**ASSIGNMENT**
The reply should hold only the lines from the one with "Tênis Light Navy/ White Baby 0 à 2 anos - 0" to the one with "Negozio / Locale", both ends kept, exactly as they appear below, without any pictures.

**RECORDS FOR THE EXERCISE**
■ ■ ■

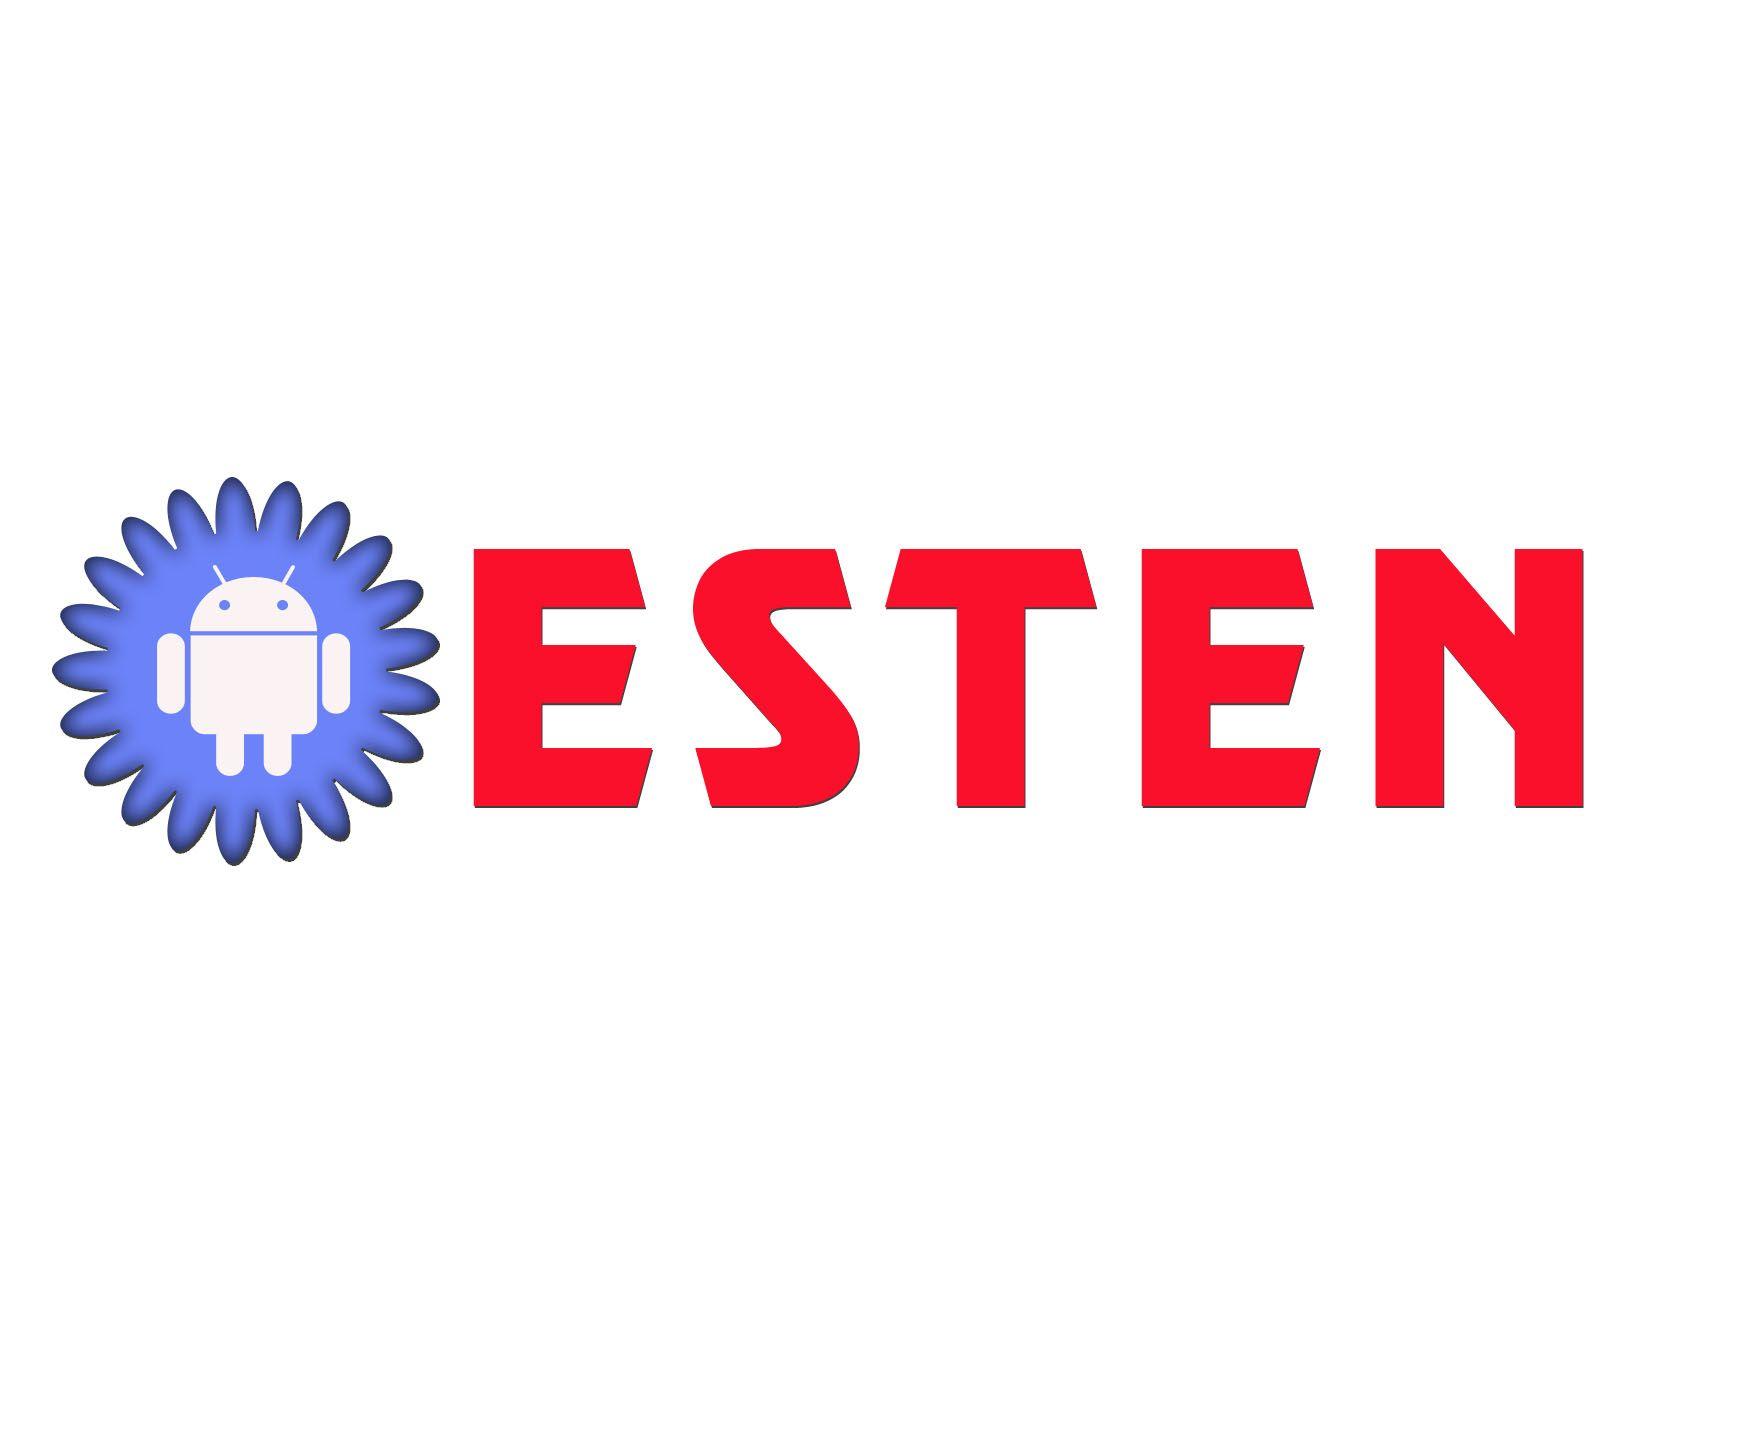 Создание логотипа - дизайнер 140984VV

■ ■ ■

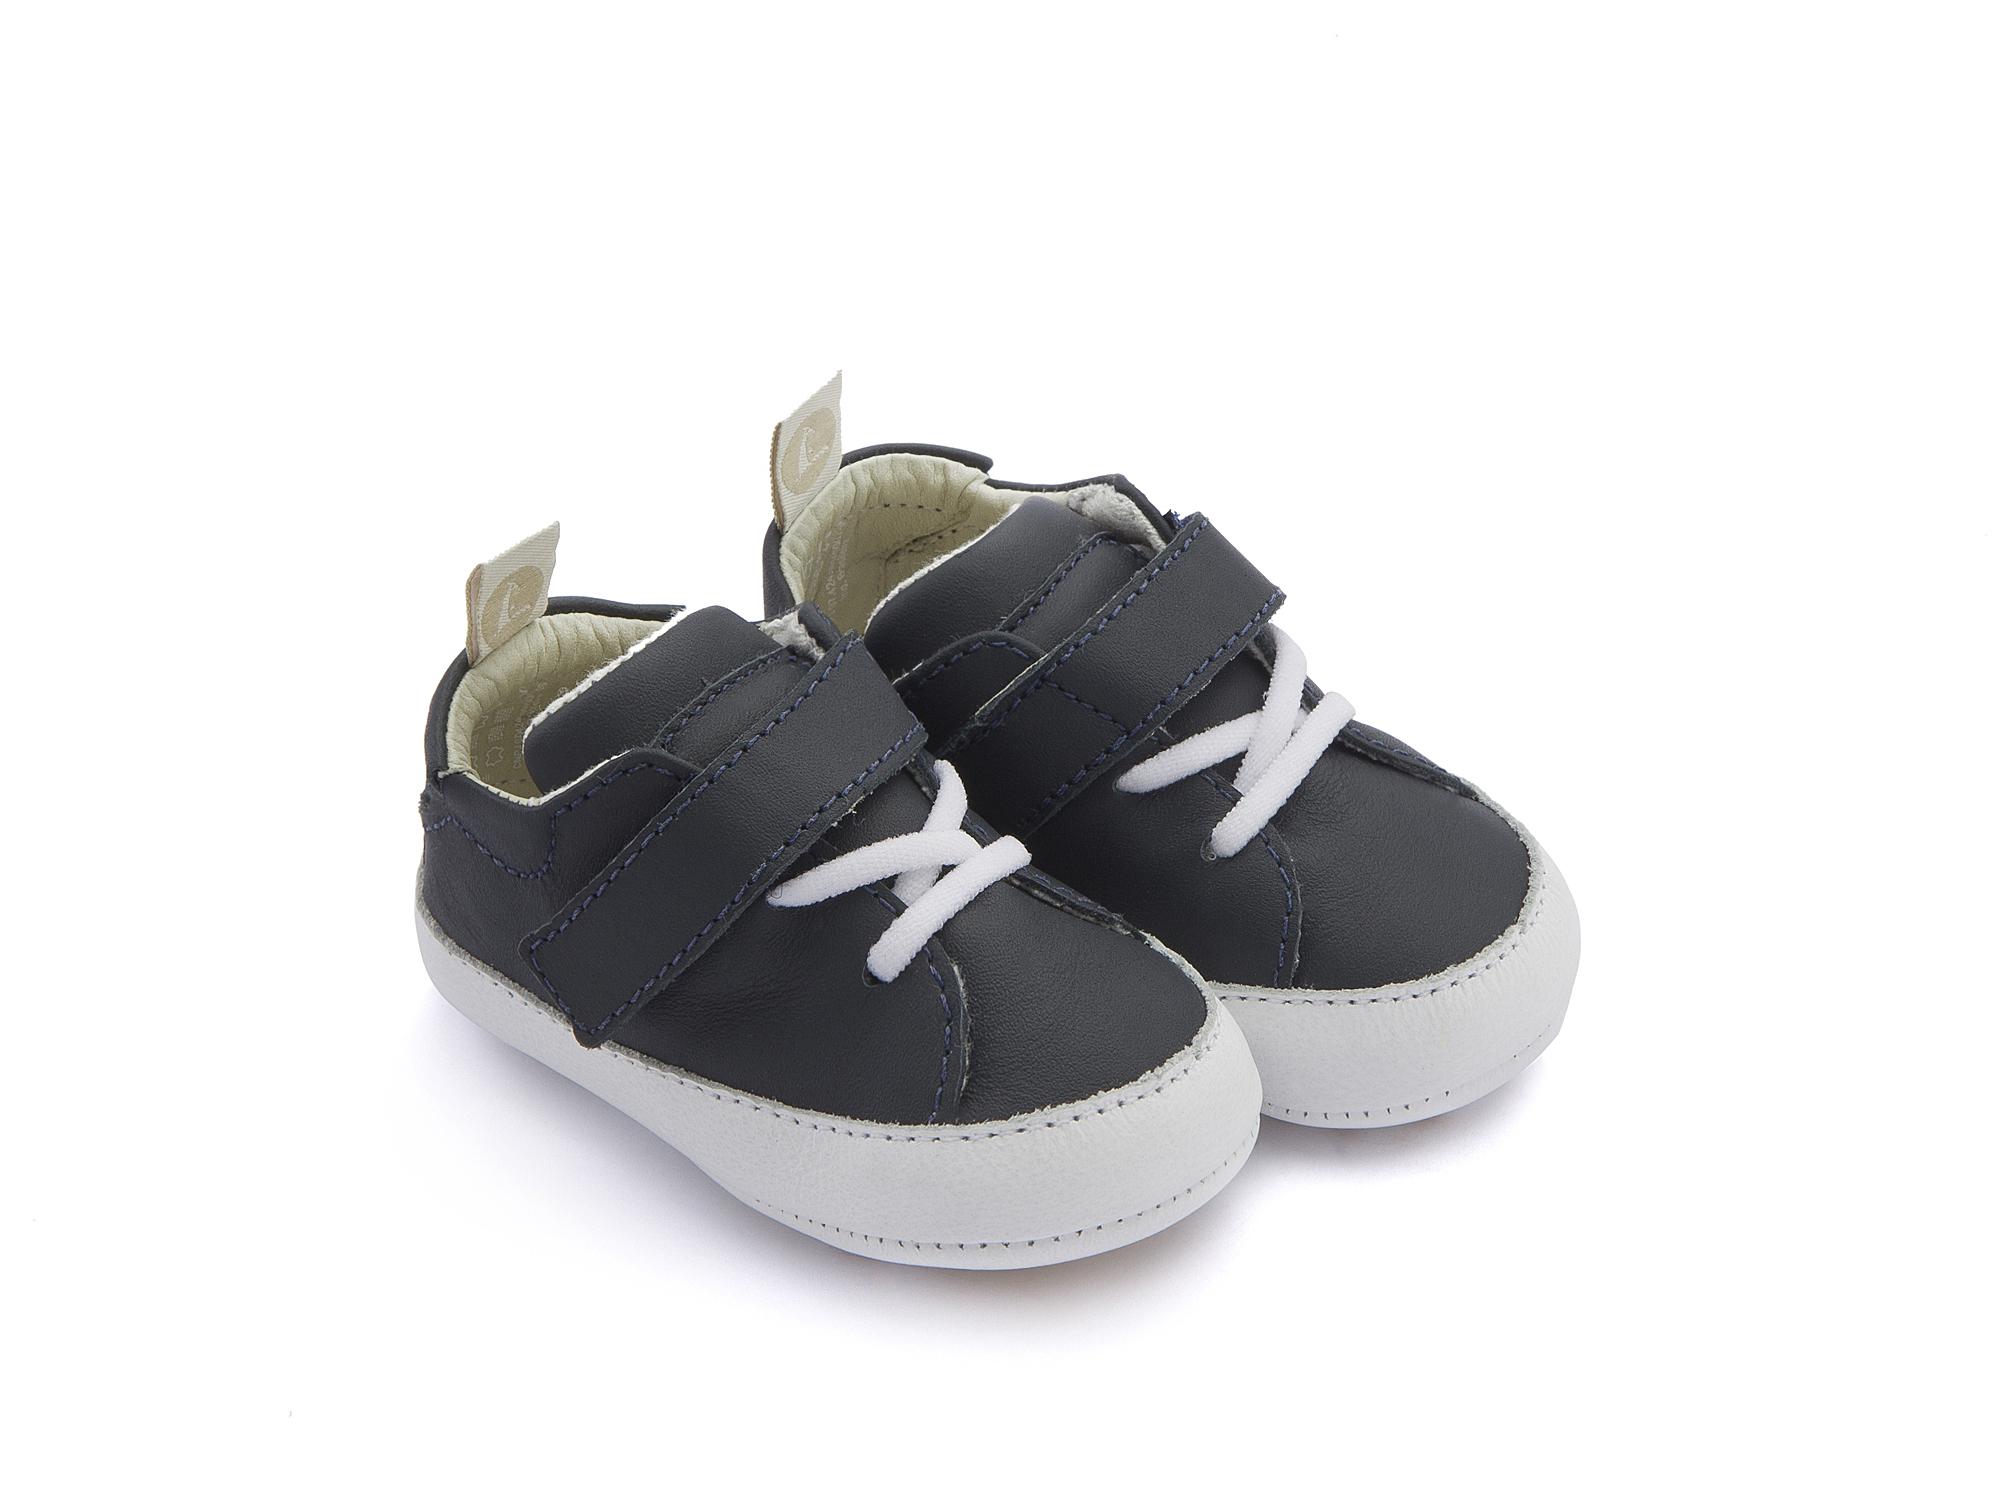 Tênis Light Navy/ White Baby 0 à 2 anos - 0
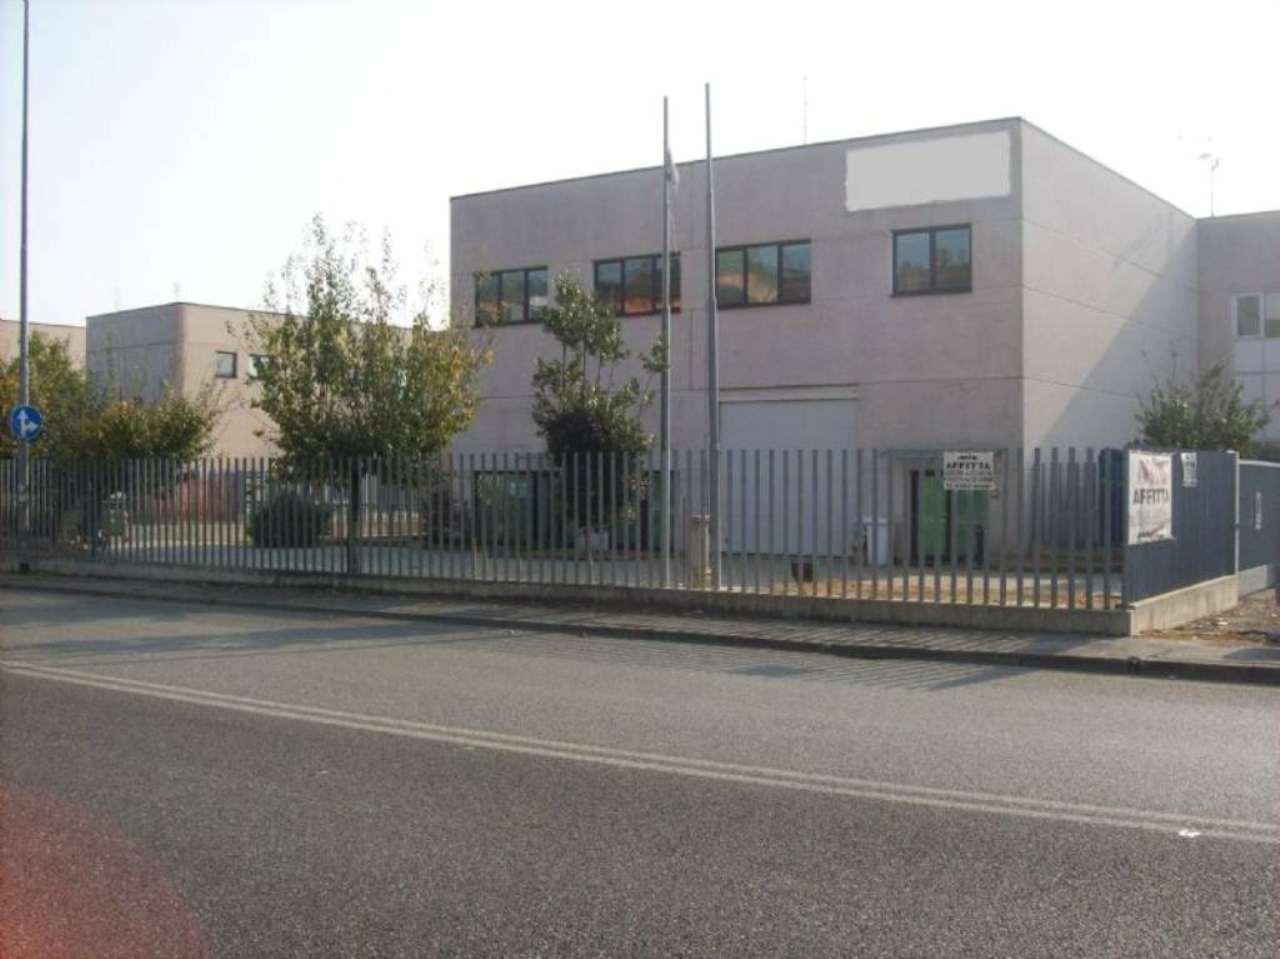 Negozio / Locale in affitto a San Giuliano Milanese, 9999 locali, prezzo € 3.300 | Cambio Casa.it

■ ■ ■

**EXPECTED ANSWER**
 Tênis Light Navy/ White Baby 0 à 2 anos - 0
 Negozio / Locale in affitto a San Giuliano Milanese, 9999 locali, prezzo € 3.300 | Cambio Casa.it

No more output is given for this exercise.